Abbas: Qaeda Is In Gaza, West Bank

Palestinian workers destroy vegetables during a protest on the Palestinian side of the Karni crossing against Israel's closing of the main cargo crossing between Israel and in the Gaza Strip, Thursday, March, 2, 2006. Israel said security considerations were behind its decision to keep the Karni crossing closed Thursday, counter to expectations. The Karni passage has been closed since an explosion there on Feb. 21. AP

The Al Qaeda terror network has infiltrated the West Bank and Gaza Strip, and its operations there could have dire consequences for the entire region, Palestinian leader Mahmoud Abbas said in an interview published Thursday.

"We have signs of an al Qaeda presence in the West Bank and Gaza," Abbas told the London-based Al Hayat newspaper, without elaborating. "The infiltration of al Qaeda can ruin the whole region," he said.

Palestinian security forces haven't captured any Al Qaeda operatives, he told the newspaper.

Israel said it is aware of the al Qaeda presence, and that it is intensifying the war on terror, reports CBS News correspondent Robert Berger (audio). It recently arrested a Palestinian it said worked for the group. And Jordan's King Abdullah has said al Qaeda has set up terror cells in Israel.

In other developments:

  • The Palestinian ambassador in Moscow suggested that Hamas, due to take charge of the Palestinian Authority this month, would moderate their violent anti-Israel ideology, the ITAR-Tass news agency reported. Hamas "ties the question of recognizing Israel as a state with the necessity to end the occupation of the Palestinian territories," Ambassador Bakir Abdel Munem was quoted as saying in an interview. He is not a member of Hamas.

  • A Hamas spokesman says the militant group has been invited to South Africa for talks with officials. No date was given. Hamas leaders are due to visit Russia on Friday and have also been invited to Venezuela for talks with government officials there.

  • Israel kept the Gaza Strip's main cargo crossing at Karni closed Thursday, disappointing Palestinian farmers. It has been closed since an explosion there Feb. 21, amid Israeli concerns that Palestinian militants were planning attacks there — concerns Palestinians say are unjustified. "The continued closure is causing humanitarian and economic harm to the Palestinian people, and threatening a real shortage in food supplies," said Salim Abu Safiyeh, director-general of the Palestinian Border Authority.

  • The same Bush administration review panel that approved a ports deal involving the United Arab Emirates has notified a leading Israeli software company that it faces a rare, full-blown investigation over its plans to buy a smaller Maryland rival. The company was told U.S. officials feared the transaction could endanger some of government's most sensitive computer systems.

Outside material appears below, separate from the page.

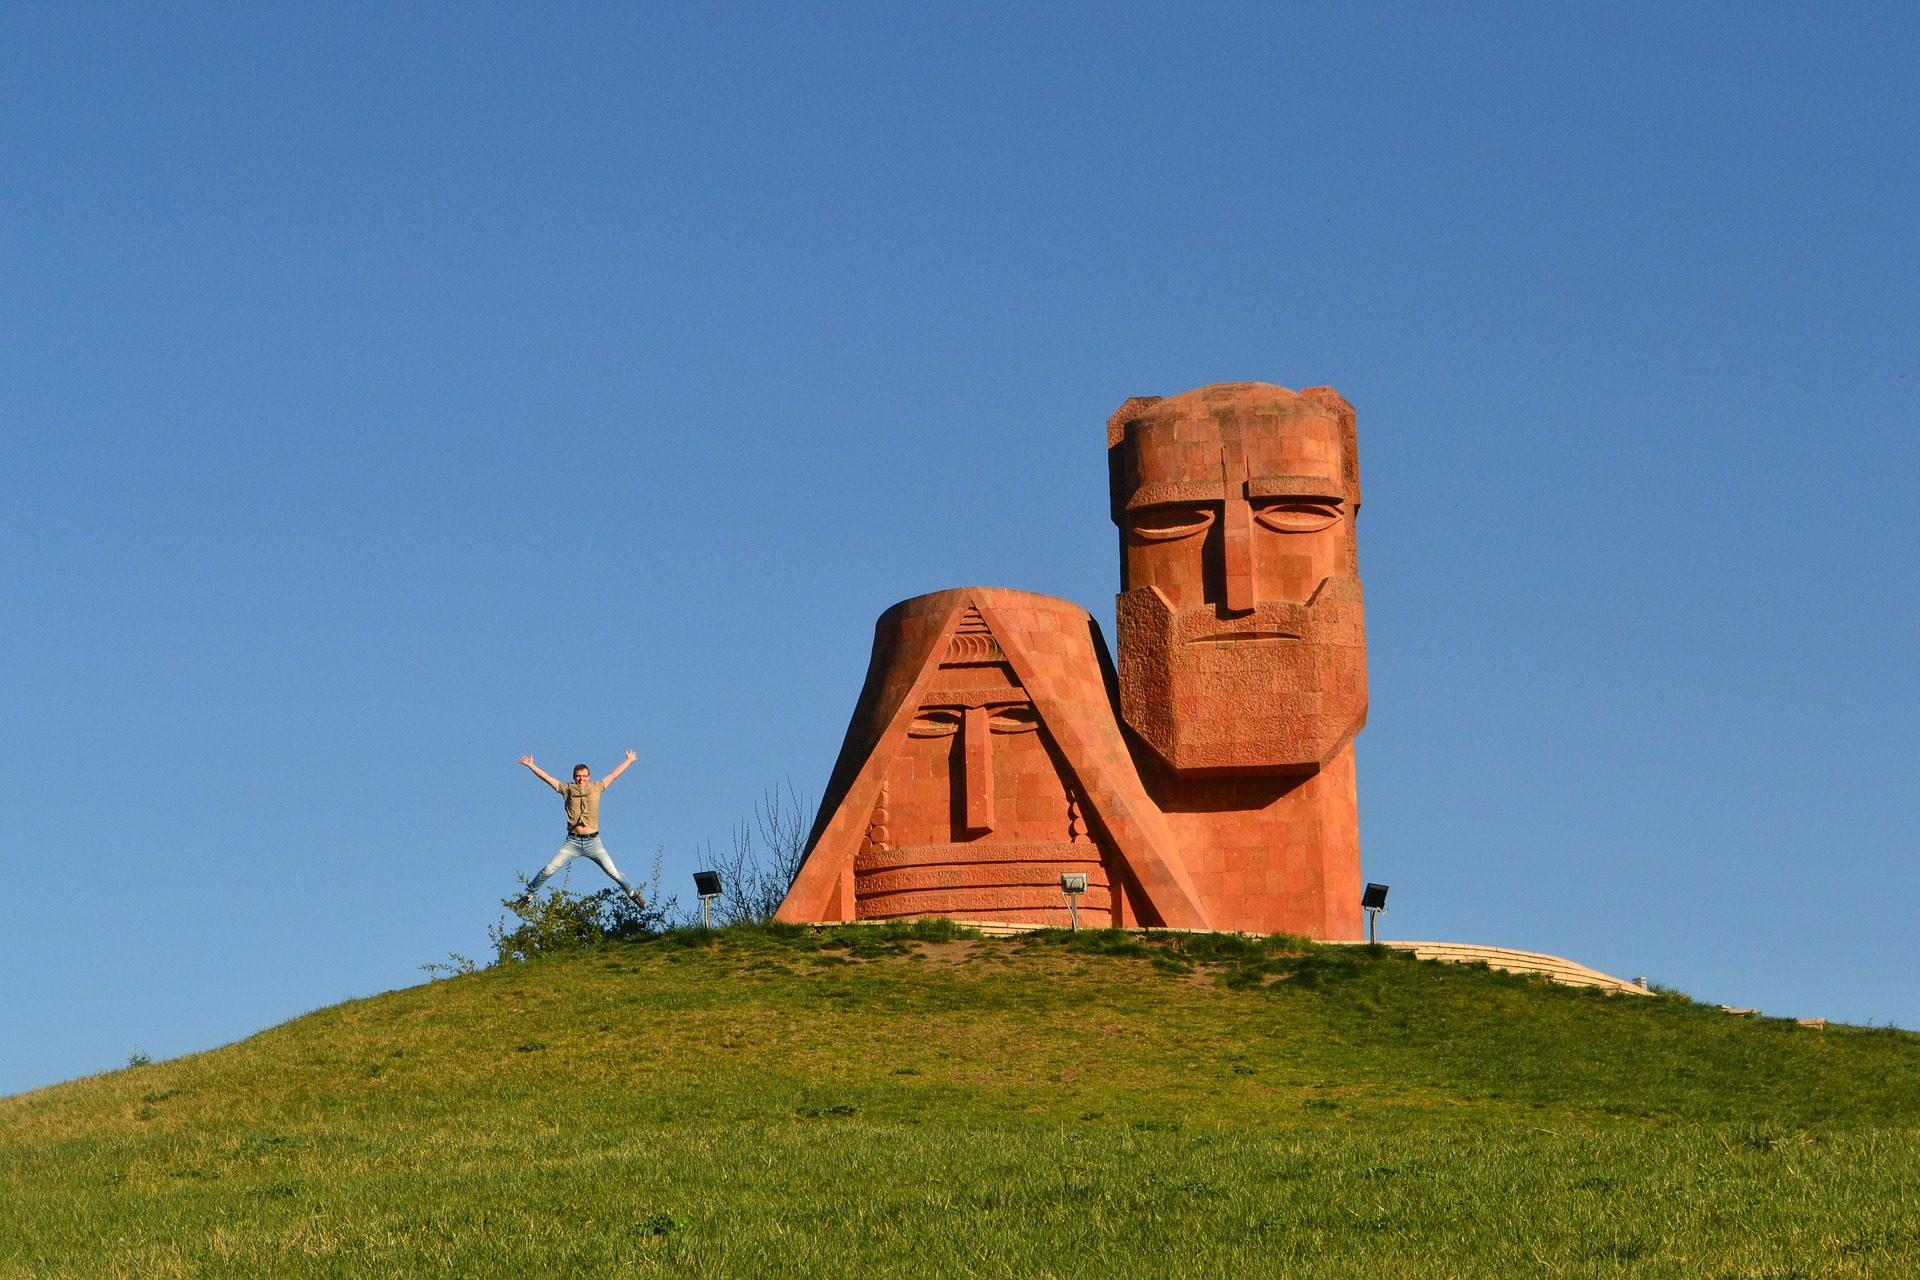 تمثال, النصب التذكاري, الطوطم, هيل, رجل, الانتقال السريع - خلفيات عالية الدقة - أستاذ falken.com

  • Support for acting Prime Minister Ehud Olmert's Kadima party has dropped to its lowest point since it was established in November, reports Berger (audio). According to a new poll, Kadima would win 37 seats in the 120 member parliament, down from a high of 44 seats a few weeks ago. But Olmert should still win by a landslide. The hawkish Likud party, led by former Prime Minister Benjamin Netanyahu, made a slight gain to just 15 seats.

    Al Qaeda leader Osama bin Laden has repeatedly identified Israel as a target, and the Palestinian cause as one of the reasons for the network's attacks.

    "There are, of course, attempts by terror elements, including international ones, to extend their reach in areas adjacent to us," Olmert told reporters in Jerusalem.

    "We will respond to terror with an iron fist," he said. "There are no restraints on security forces to use any means necessary to stop attacks."

    Olmert spoke after a rash of shootings and stabbings claimed the life of one Israeli civilian and injured five since Tuesday. In the latest attack, just a month before Israel's March 28 elections, an Israeli man was stabbed in the neck at an Israeli factory in northern Jerusalem on Thursday.

    Additionally, militants in Palestinian-controlled Gaza have been firing homemade rockets at southern Israel, unsettling residents but causing few injuries.

    In recent weeks, Israel has stepped up arrest raids in the West Bank and carried out pinpointed killings of Gaza militants it says were involved in planning or carrying out attacks. It denied involvement, however, in a car blast Wednesday in Gaza City that killed Islamic Jihad's top military commander in Gaza, Khaled Dahdouh.

    In other news, about three dozen Fatah gunmen briefly fired in the air outside the Palestinian parliament building Thursday. One of the gunmen, Kamel Ghanem, said the group staged the protest because it was afraid Fatah, defeated in Jan. 25 parliament elections, would be marginalized by the victorious Hamas.